The RandomWalk Strategy is simple yet effective. It explores the environment by sampling entities and operations at random, generating diverse trajectories that can be summarized into tasks.

Parameters:

task_manager:
  strategy: random
  strategy_args:
    max_explore_step: 30
    max_llm_retries: 6
    env_url: ${env_service.env_url} # refer to env_service.env_url
    exploration_llm_temperature: 1.0
    exploration_llm_top_p: 1.0
    exploration_llm_top_k: 100

Task Curation

Task Curation ensures the quality and diversity of tasks generated during derivation by applying filters and mixture strategies.

Filters
- DeduplicationFilter: Removes redundant or near-duplicate tasks.
- FeasibilityFilter: Removes tasks that cannot be executed in the environment.
Mixture Strategies
- UnifiedMixtureStrategy: Combines tasks from multiple sources to maintain balance.

Goals of curation:

Quality assurance – Ensure valid, feasible, and logically sound tasks.
Diversity preservation – Avoid bias toward a single task type.
Dynamic control – Adjust task selection according to agent progress.

DeduplicationFilter

Removes duplicate or highly similar tasks to improve data diversity. Enabled by default.

FeasibilityFilter

Filters out tasks that cannot be completed given the environment constraints.

Synthetic Reward

Task Manager provides a built-in synthetic reward as a fallback, enabling training without requiring user-defined reward functions.

Key properties:

Generality – Applicable across diverse environments.
Zero-configuration – Works out of the box.
Extensibility – Can be replaced or extended with custom reward functions.

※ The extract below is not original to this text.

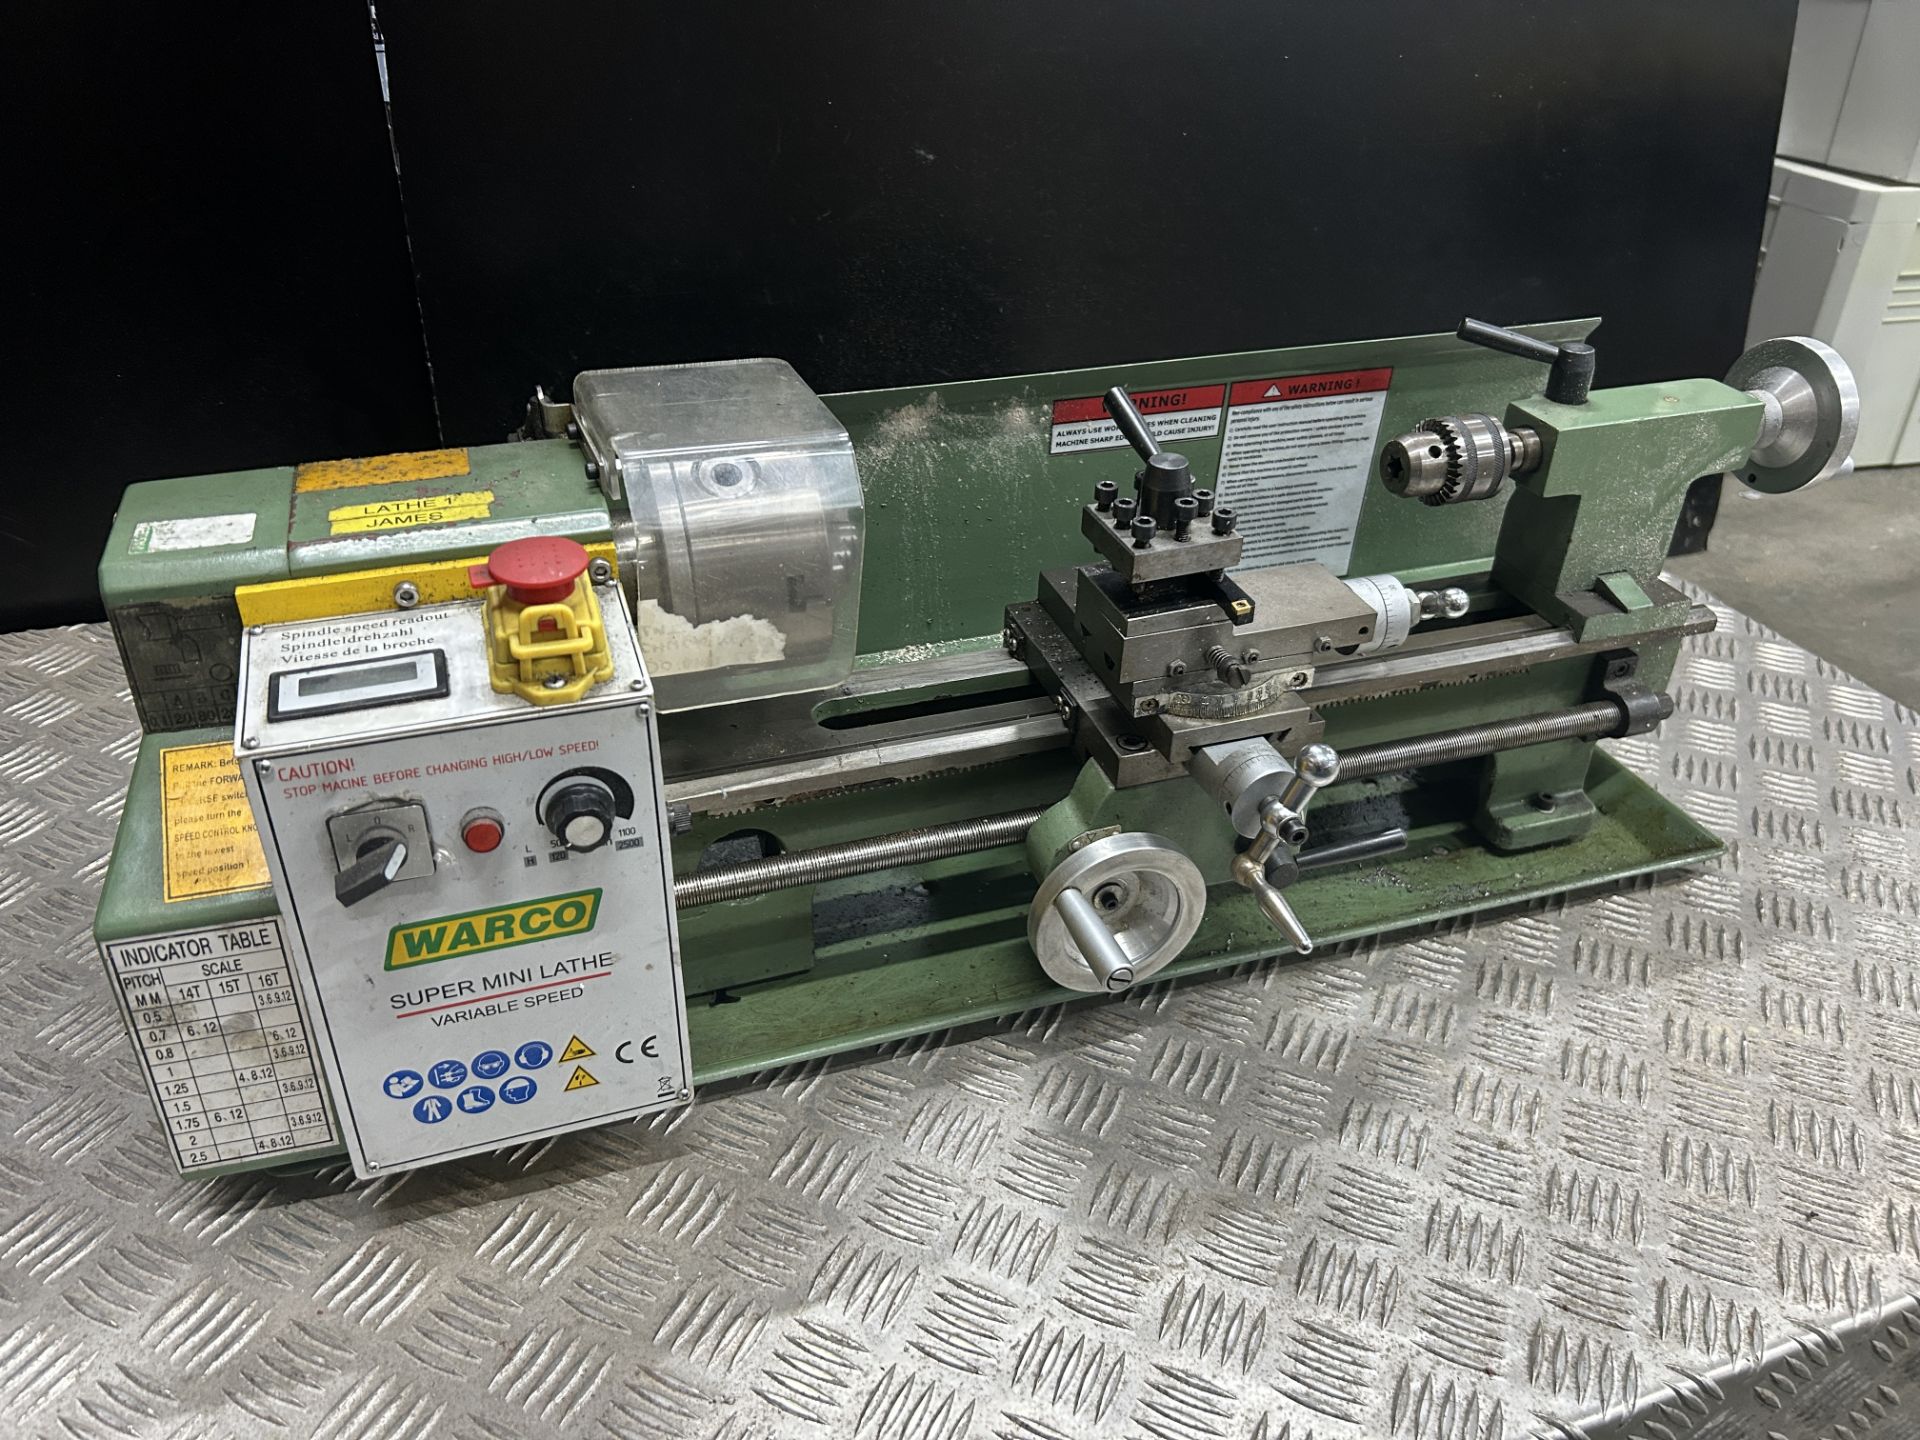 Warco Variable Speed Super Mini lathe - Image 2 of 3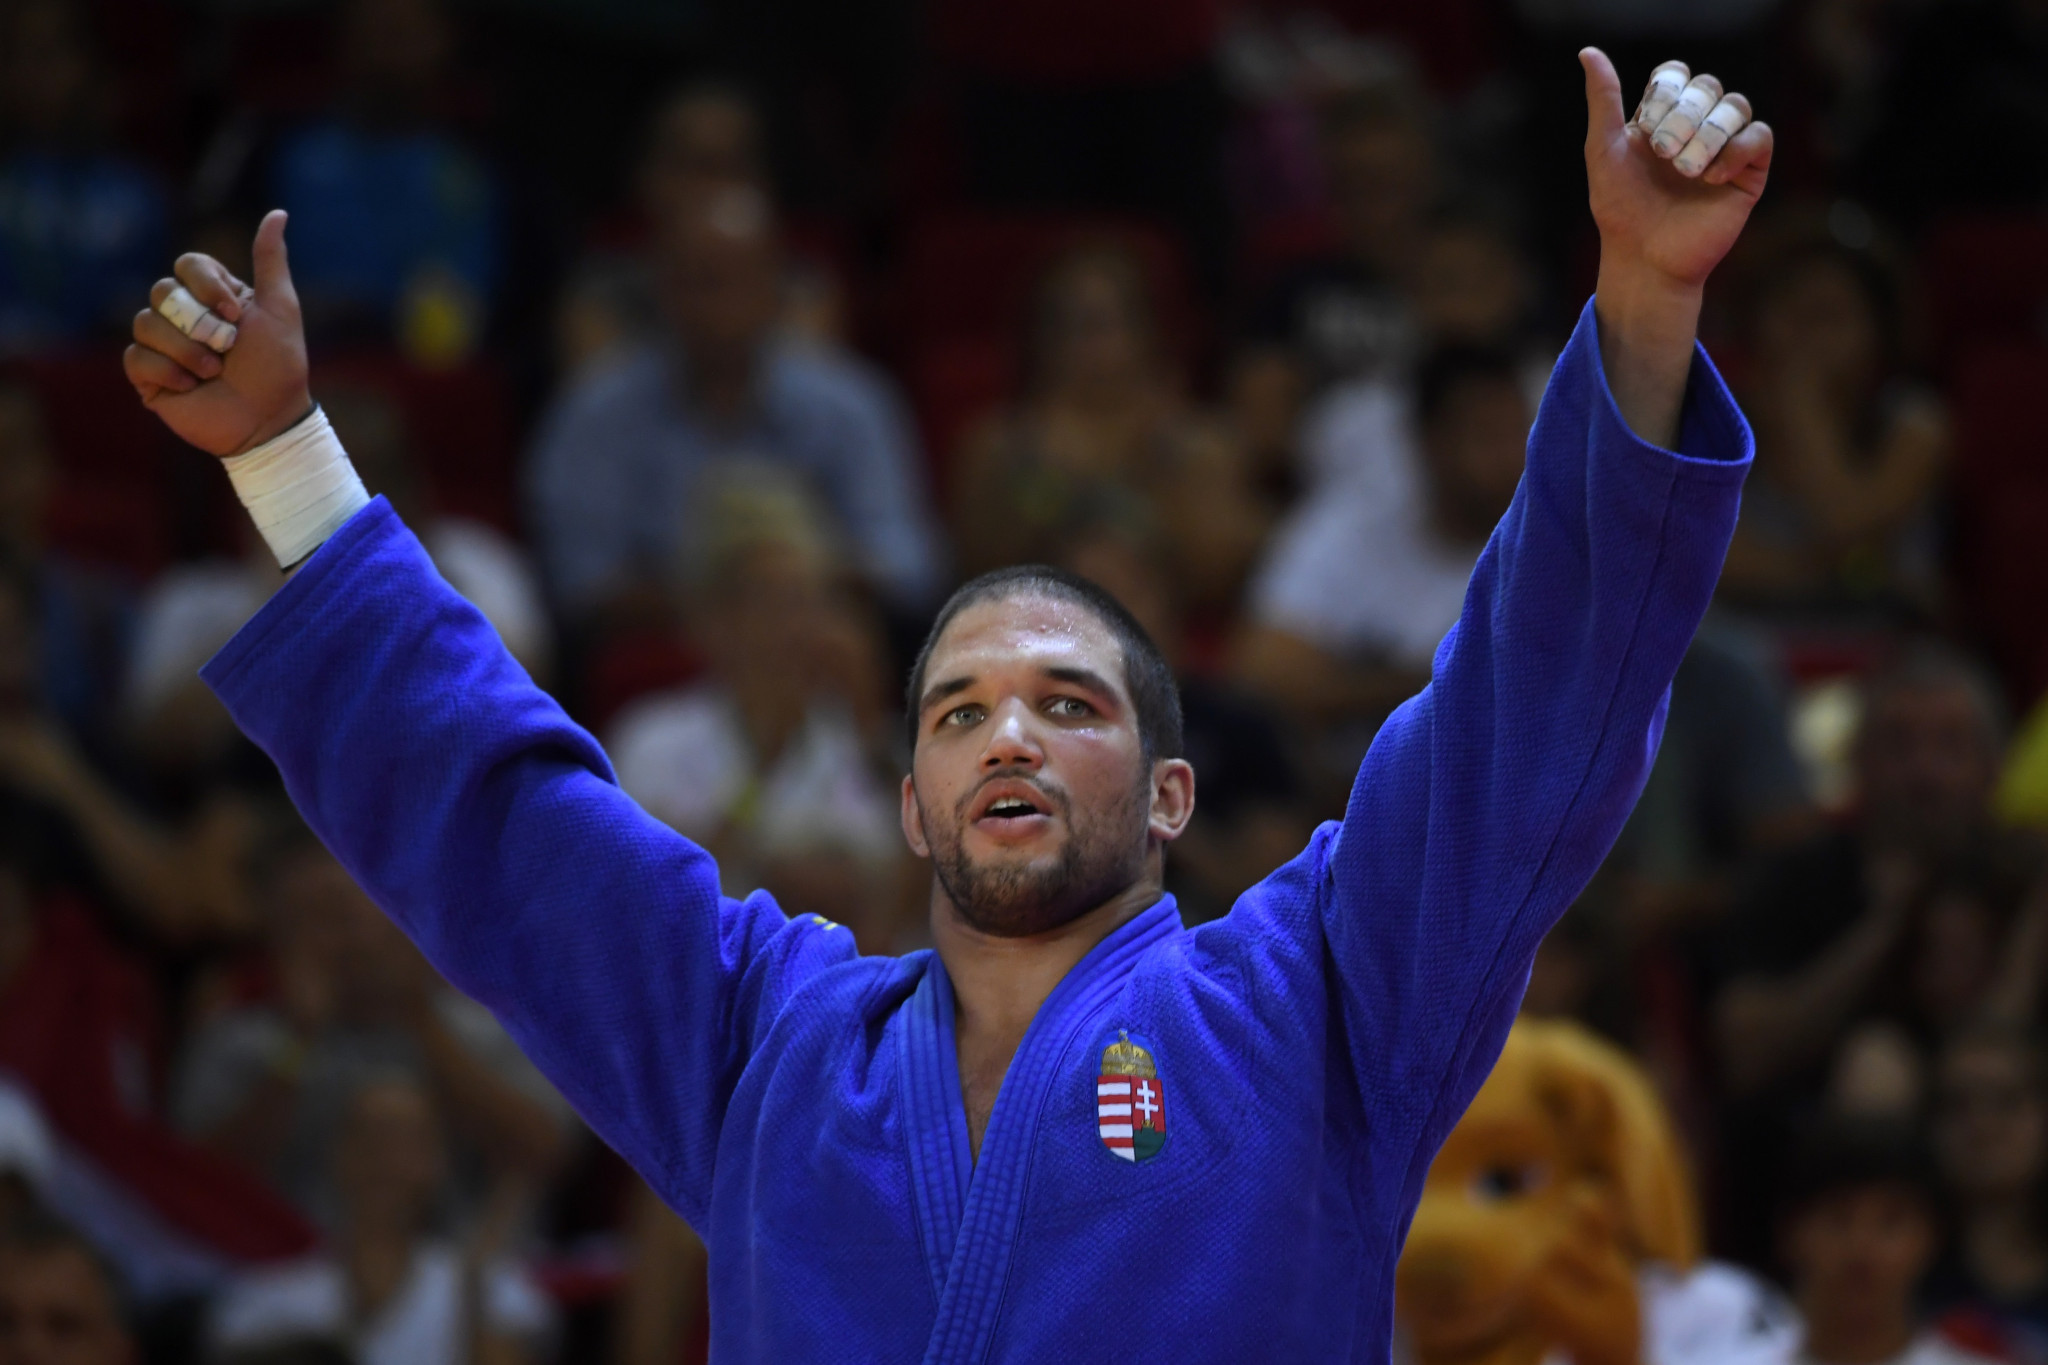 Hungary's Tóth eyeing home glory at IJF Grand Prix in Budapest

Typical reward components:

Relevance check – Whether the trajectory matches the task.
Success check – Whether the task is successfully completed.
Efficiency check – Whether the task is solved within reasonable steps.

Although the built-in synthetic reward provides a functional fallback, we strongly recommend implementing domain-specific reward functions to achieve optimal agent performance.

Configuration example:

task_manager:
  grader:
    original_grader: env
    synthetic_grader: llm

Extend Task Manager

Task Manager is designed as a modular and extensible framework, adaptable to different training scenarios. To extend Task Manager, users can implement and replace the components used in three stages in the pipeline, including Strategy, Filter, Mixture Strategy, and Judge.